Meanwhile, those who have claimed the scalp of Musharraf, the factions loyal to former Prime Minister Nawaz Sharif, or to the legacy of the assassinated Benazir Bhutto, squabble in Islamabad. In proclaimedly multicultural Britain, meanwhile, with a strange mixture of deep colonial knowledge and profound ignorance, we prefer happier news of all-important Olympic golds.

Understandable, perhaps, but ill-advised. We overlook, first, the fact that a war is going on within Islam that makes the subjugation of terrorists seem trivial. We - and I cannot repair the damage implicit in a little word - forget that many of our people, our fellow Scots, have a great deal invested, historically and personally, in the future of Pakistan.

Meanwhile, we do not begin to grasp that the misconceived efforts of the "International Security Assistance Force" will win nothing in Afghanistan if fighters continue, inexhaustibly, to cross the Pakistan border to die for ideas. The Vietnam parallels are pertinent. In the wars that cannot be won, no-one surrenders. Tell Sandhurst.

Musharraf was the west's latest nominated strong man. He honoured democracy most often in the breach rather than in the observance, but we let it pass. States of emergency brought the general to power and kept him there. Now he runs from the threat of impeachment and charges of corruption laid by parties that themselves seem able, strangely, to prosper amid poverty and a collapsing economy.

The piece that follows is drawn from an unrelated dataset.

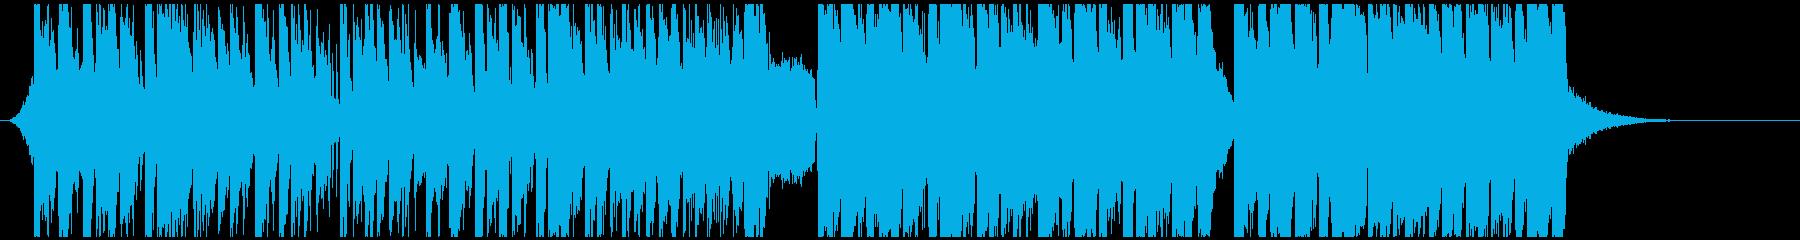 Jingle-kawaii's reproduced waveform

Such is the west's bulwark. White House rhetoric is one thing; inflation at 25% is another. The United States has coughed up billions in "aid" and yet, according to the Asian Development Bank, the poor of Pakistan have grown poorer, and more numerous. Musharraf has fought the west's war, more or less, despite the habits and instincts of his intelligence services, and been applauded. But was this a democrat, an honest man, a solution - or still another problem?

The Americans have cut Musharraf loose. The State Department has said, bizarrely, that the upheaval is an "internal matter", ignoring the fact that public opinion in Pakistan abhors the Afghan campaign. The Pakistani military, Musharraf's first sponsors, have also declined the opportunity to maintain their favourite general in power. No-one seems seriously to have asked, of Pakistan or Afghanistan, a simple question: what follows?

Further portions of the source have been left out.